We’ve got another work of Contemporary Art on our trip around the world today. This artwork is from Kazakhstani artist, Yerbossyn Meldibekov.
For more images from this photo series, visit this link. At the bottom there are three sets of images from the series. Sorry because of copyright I can’t post big pictures of these images. Here’s another link. The pictures are along the left side.
Kazakhstan was the last of the republics to declare independence from the former Soviet Union. This series of photographs called Family Album/Mutations explores the history of Kazakhstan and how it has changed since the dissolution of the Soviet Union in 1991.
The Soviet Union had a tradition of grand monuments erected to be a form of propaganda to magnify revolutionary, communist ideals. When the USSR collapsed, many people replaced these communist monuments with new ones that supported capitalism and a new sense of national pride.

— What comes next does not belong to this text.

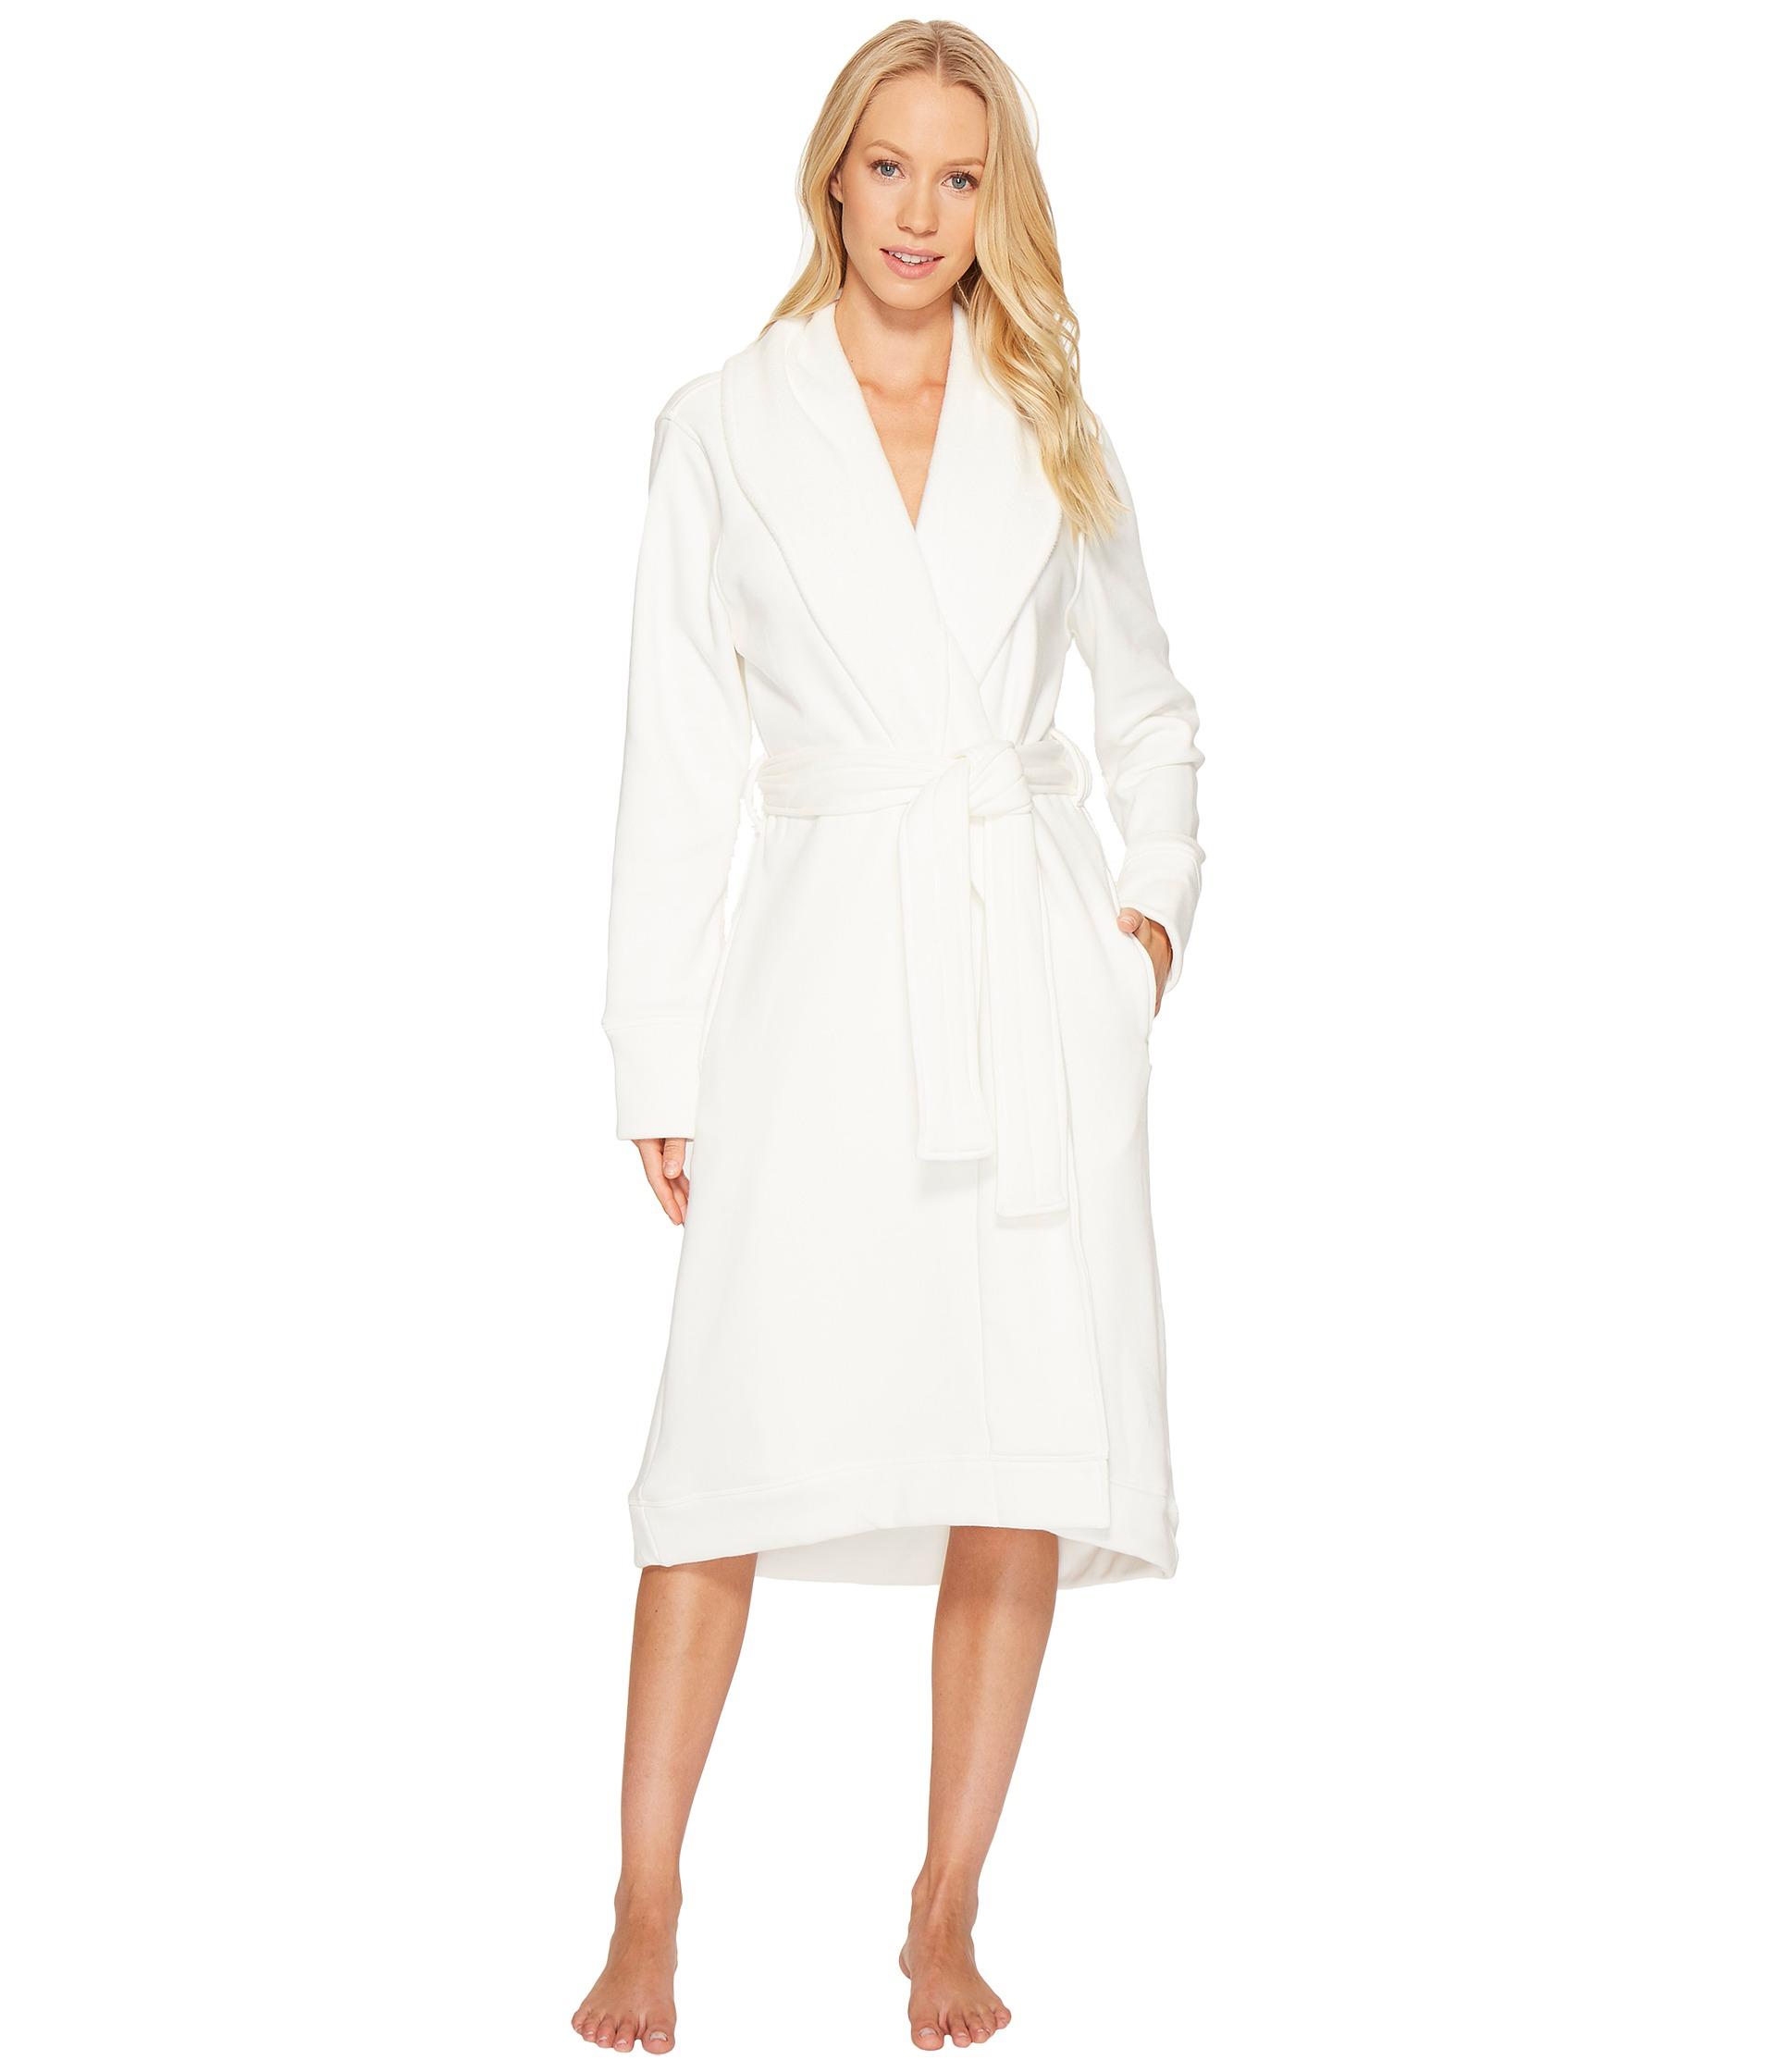 f60d1365e8 Ugg Duffield Robe

Meldibekov found old photos of people posing next to the former Soviet monuments and then took new photos next to the new monuments or even a blank pedestal where the old statue once stood. Often the new photo would include the same people from the original photo so you have both the progression of time through the age of the people juxtaposed with the historical changes of politics through the monuments.
Yerbossyn Meldibekov’s Family Album/Mutations is a fascinating series that shows the tumultuousness of the 20th century in Kazakhstan. It reminds us of the history and the monumental leaders, but puts them into the perspective of individual people and families.
Kazakhstan Art Discussion Questions
- What’s going on in this picture? What is different? What is missing?
- What mood or emotion does the photograph on the left project? How is it different than the mood on the right?
- How do you think the people of Kazakhstan feel about this art?
Kazakhstan Art Learning Activity Ideas
Use this art in your lessons about the Soviet Union to help understand and explore the subject more deeply.
You could also have students brainstorm how we might do a similar photo series with history from our own location. For example, if you are a US citizen, maybe you could find a way to create a photo series using photographs and paintings from the Civil War.